(Provided material)
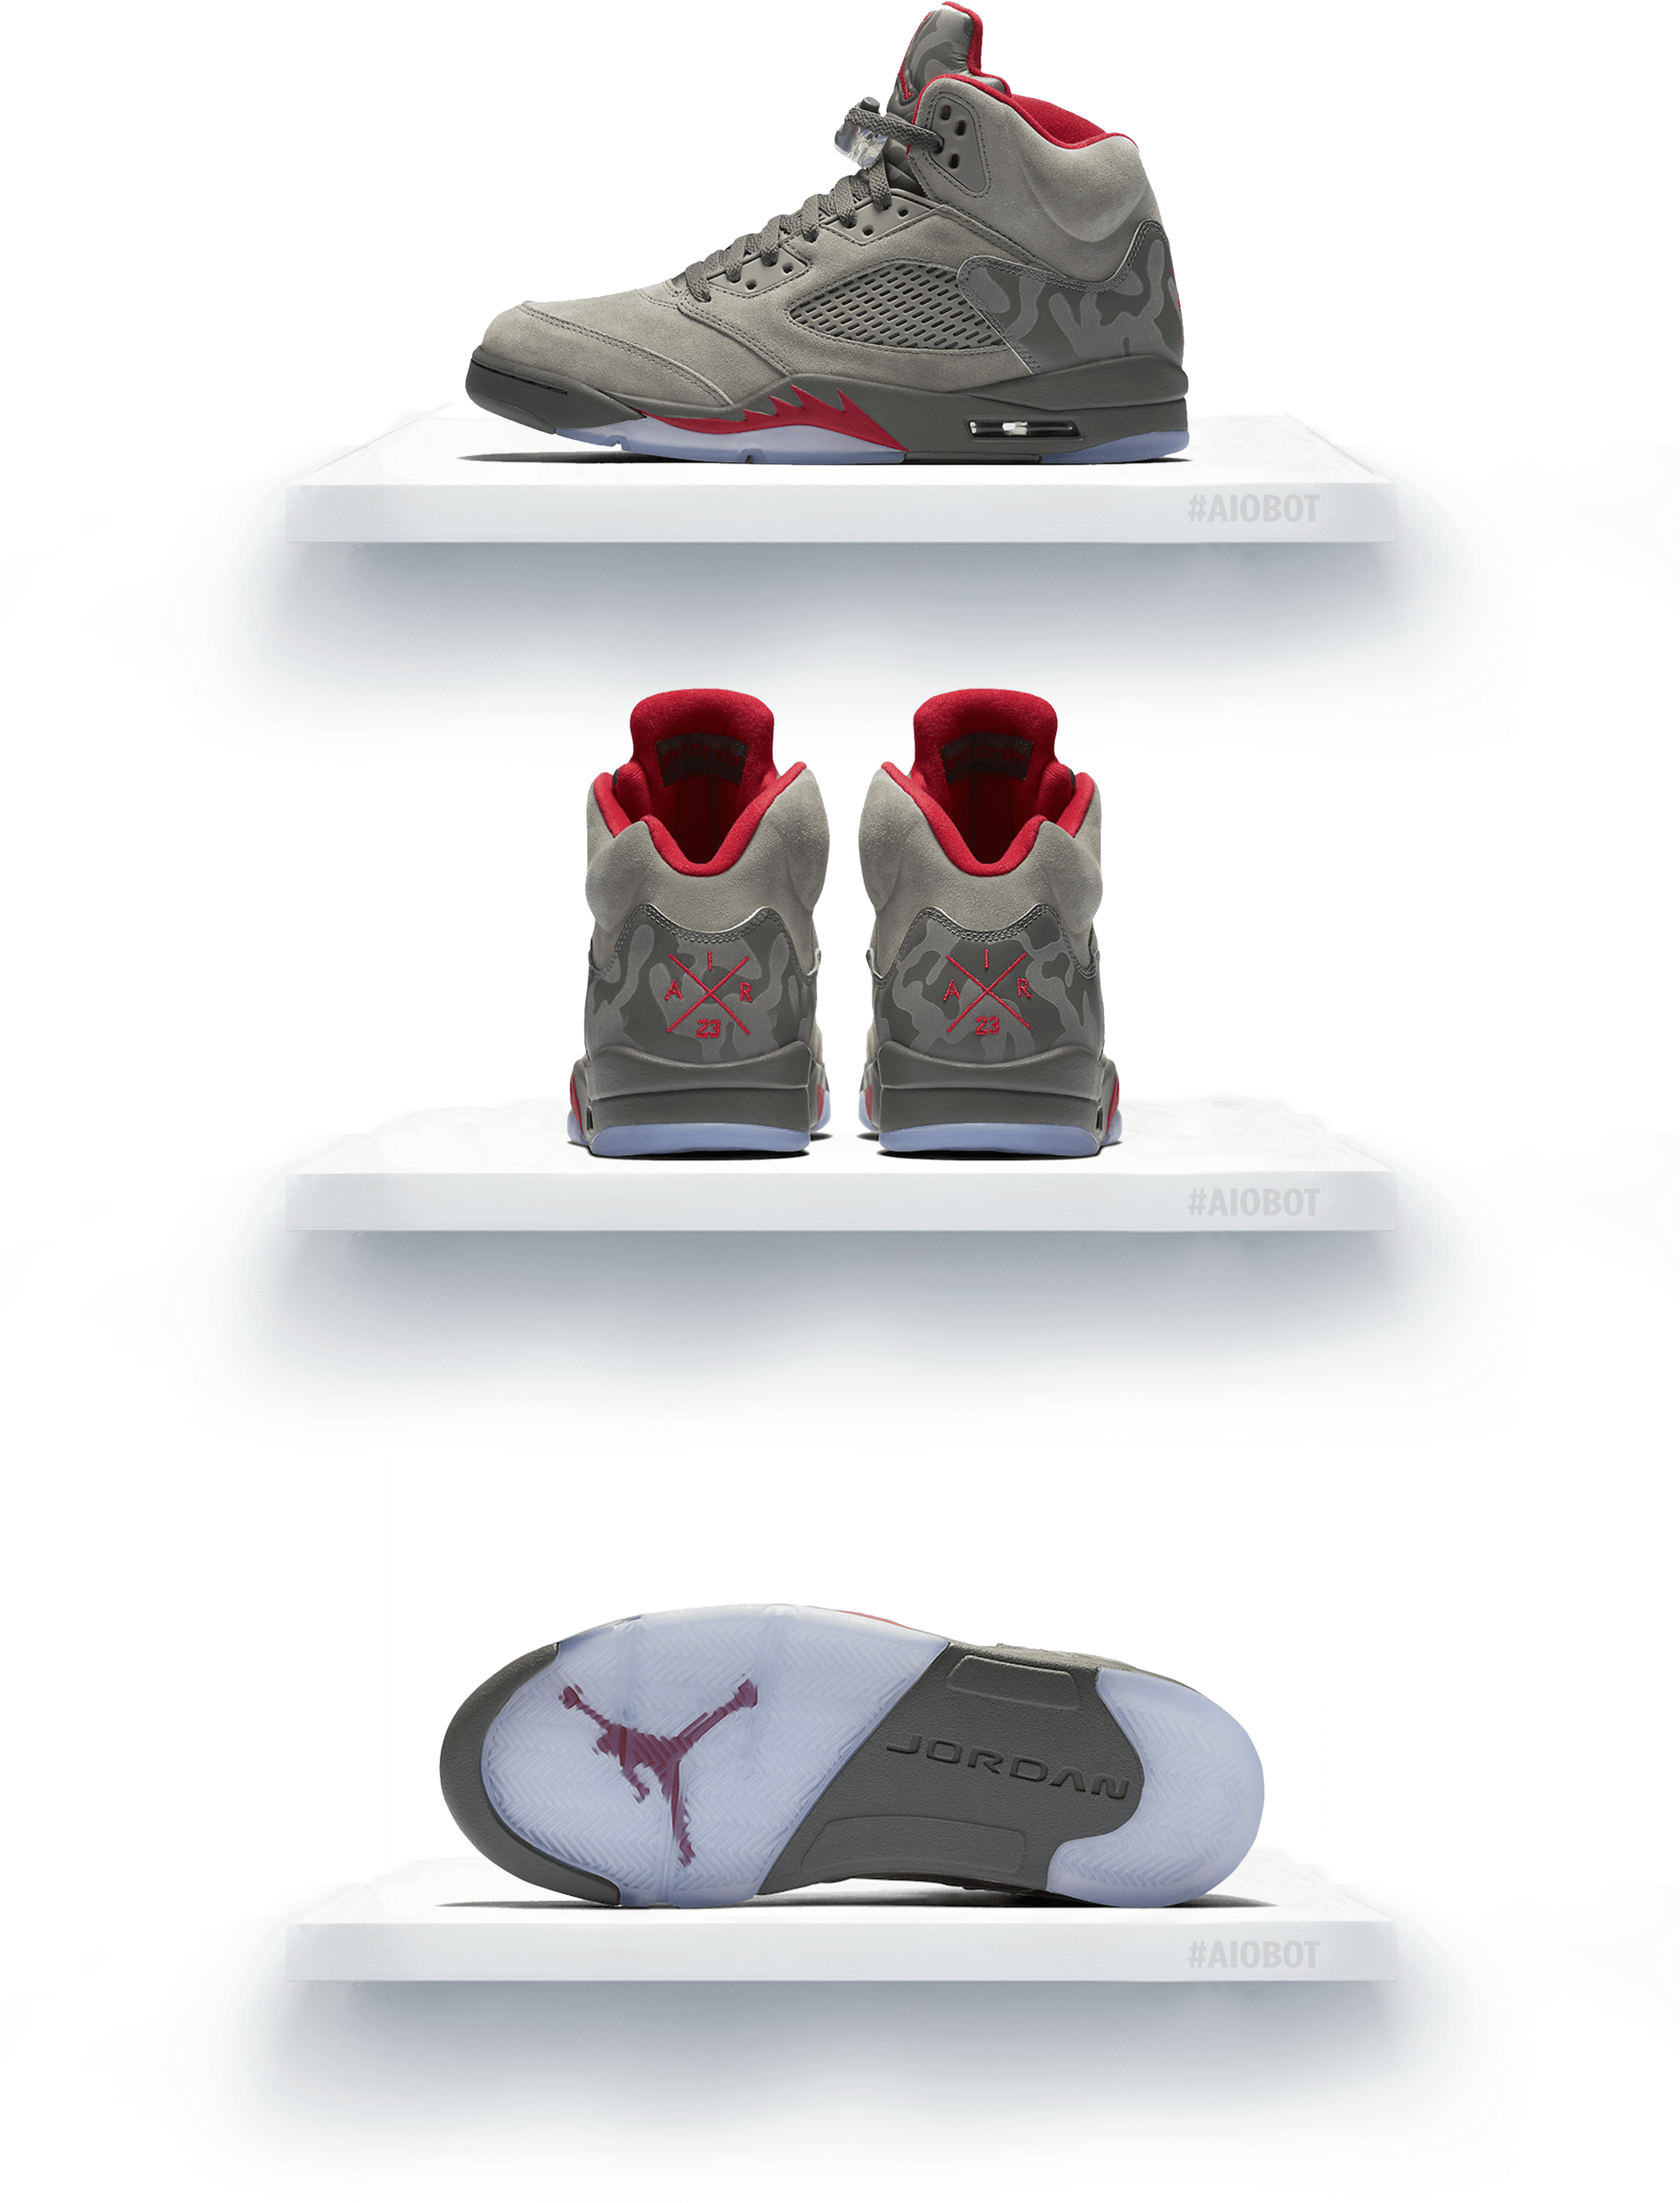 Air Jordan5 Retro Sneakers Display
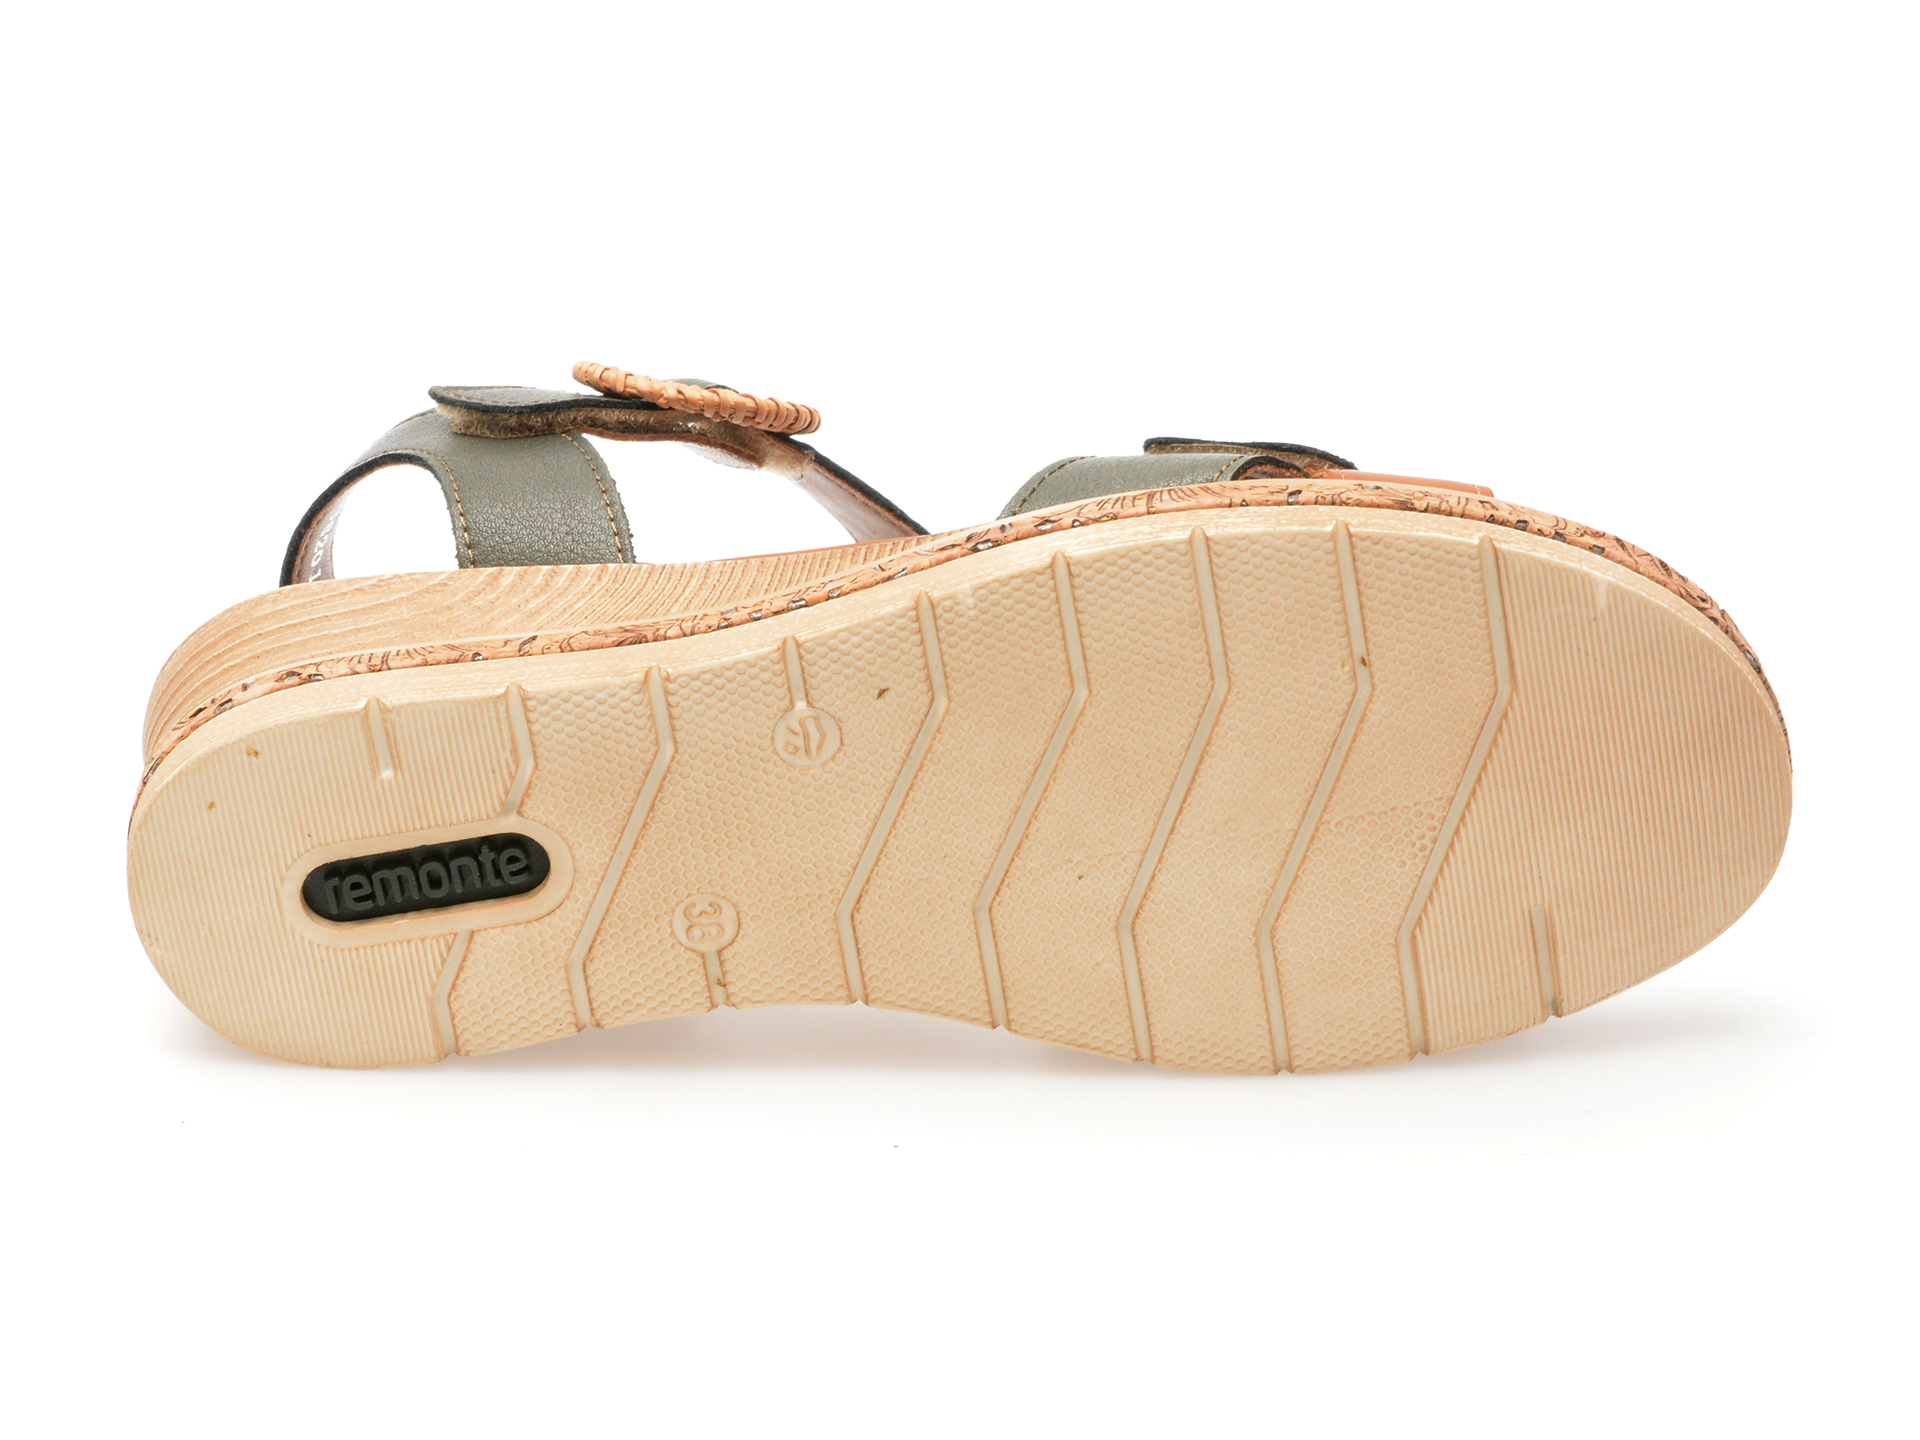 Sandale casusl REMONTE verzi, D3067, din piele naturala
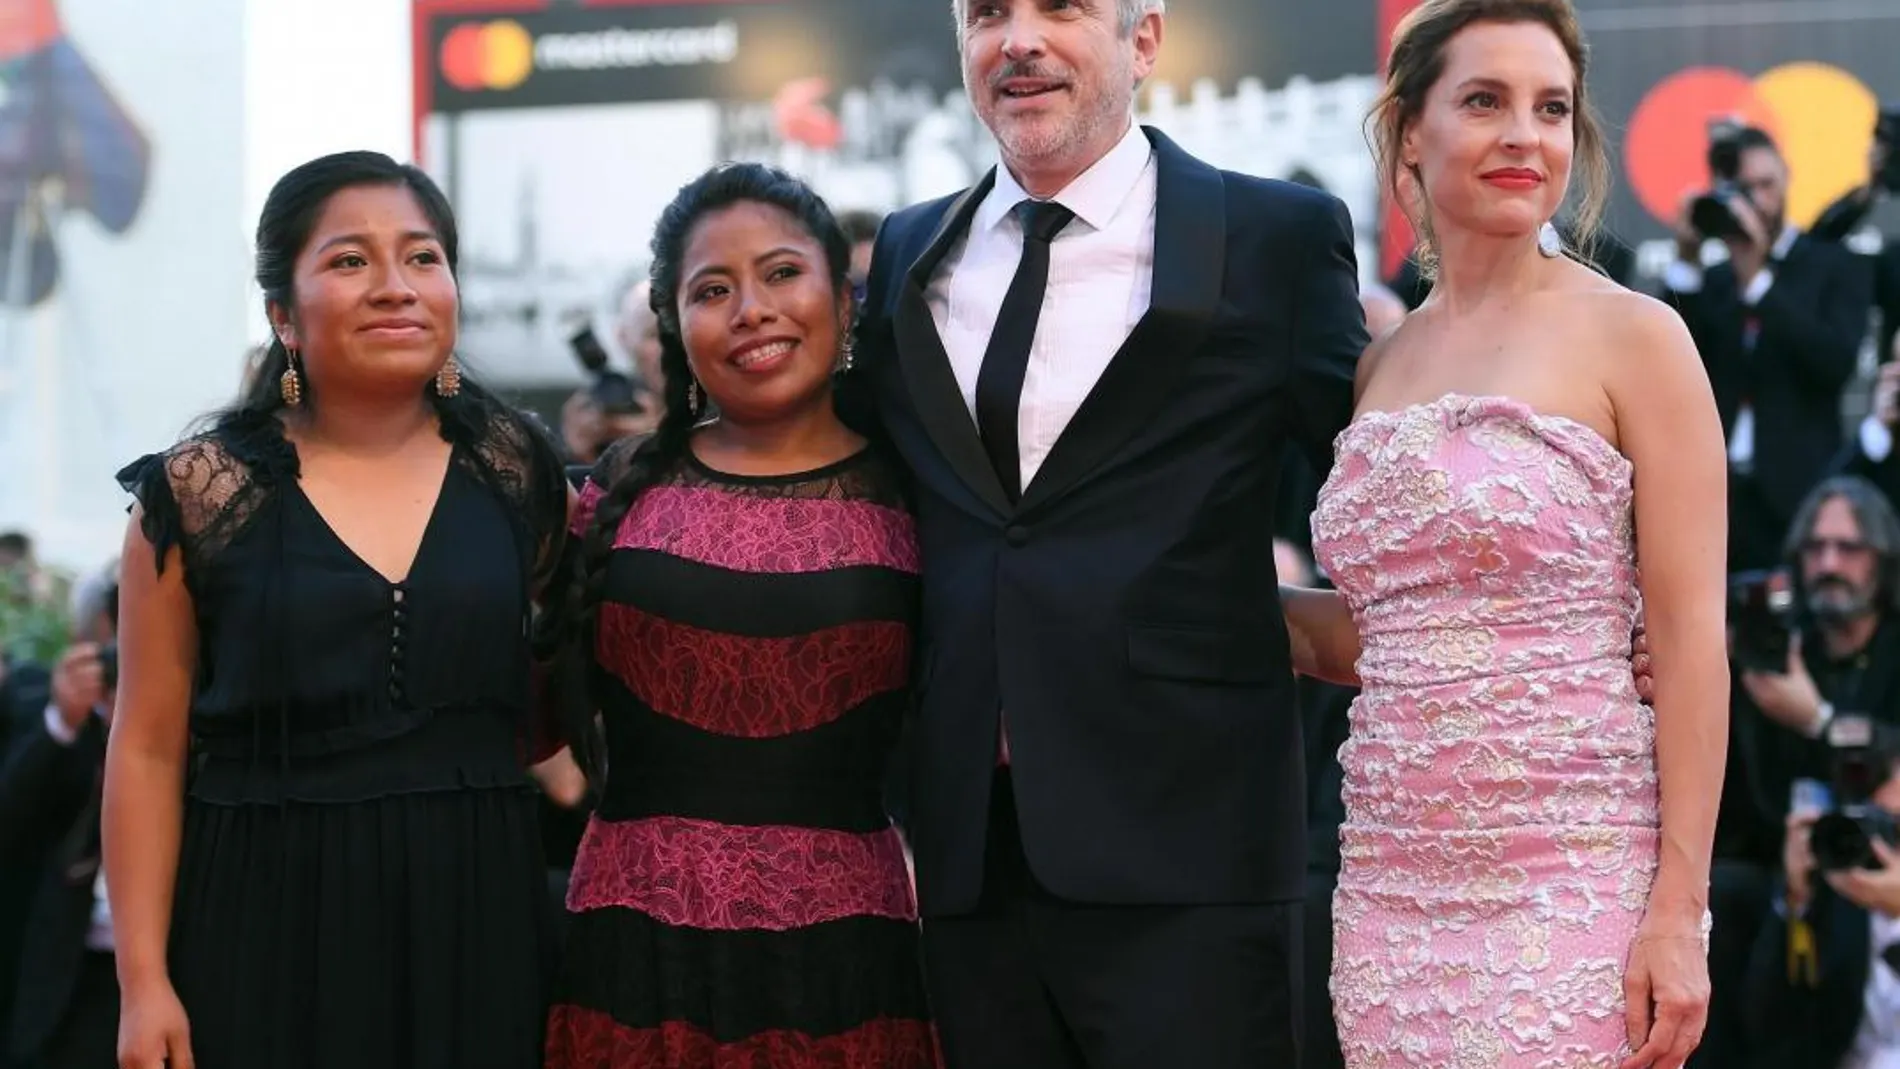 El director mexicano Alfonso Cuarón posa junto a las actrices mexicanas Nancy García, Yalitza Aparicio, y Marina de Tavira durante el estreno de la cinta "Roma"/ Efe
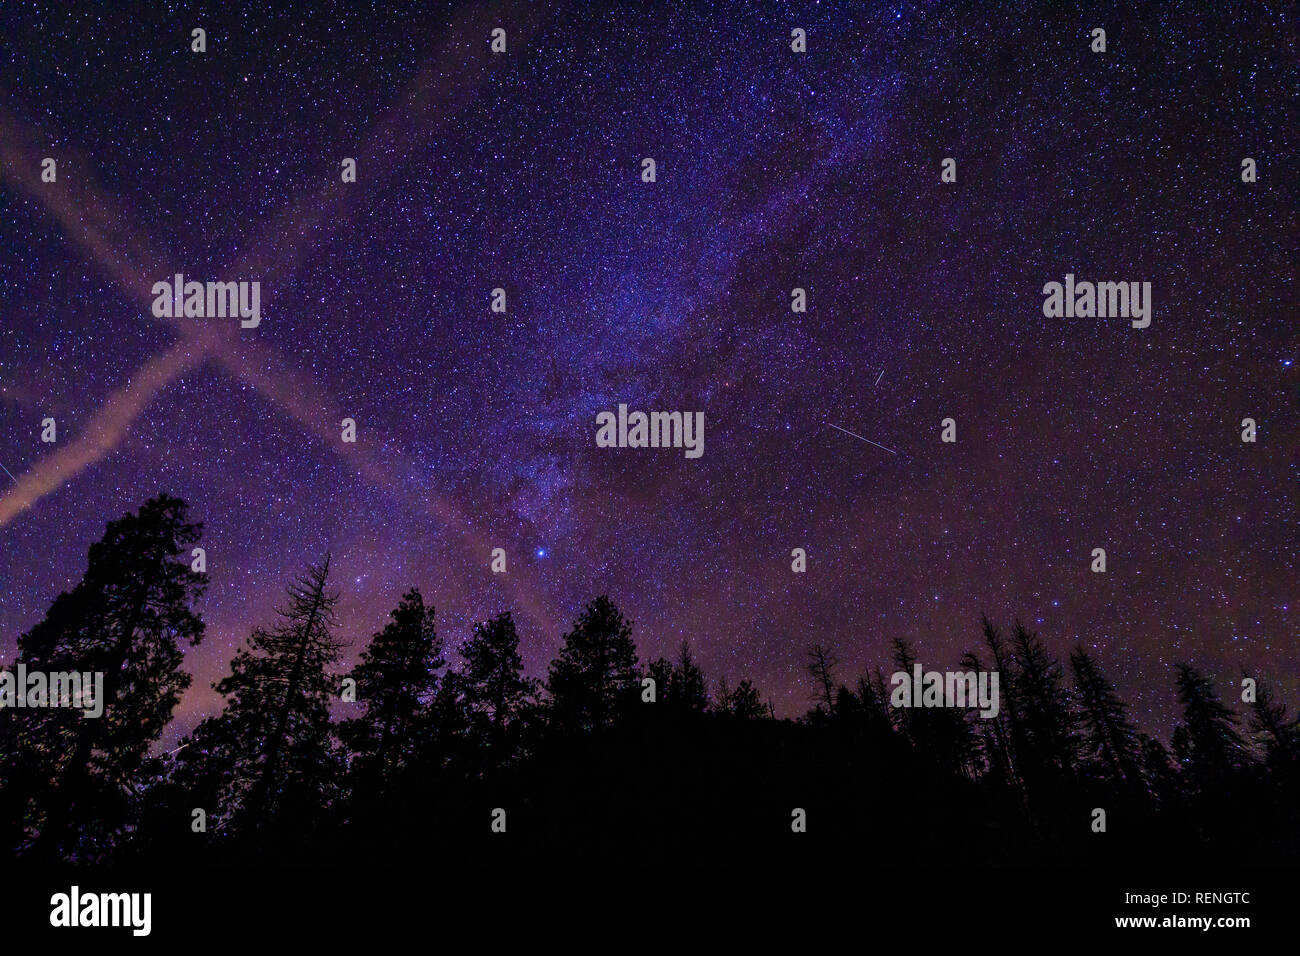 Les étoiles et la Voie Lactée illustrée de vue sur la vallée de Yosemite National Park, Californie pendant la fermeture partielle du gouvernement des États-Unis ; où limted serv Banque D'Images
(End Provided material)
■ Exercise goal ■
Would you reproduce the lines from the one with "El director mexicano" through the final line of the data above, exactly and only those, without any pictures?

■ Final answer ■
 El director mexicano Alfonso Cuarón posa junto a las actrices mexicanas Nancy García, Yalitza Aparicio, y Marina de Tavira durante el estreno de la cinta "Roma"/ Efe
 Les étoiles et la Voie Lactée illustrée de vue sur la vallée de Yosemite National Park, Californie pendant la fermeture partielle du gouvernement des États-Unis ; où limted serv Banque D'Images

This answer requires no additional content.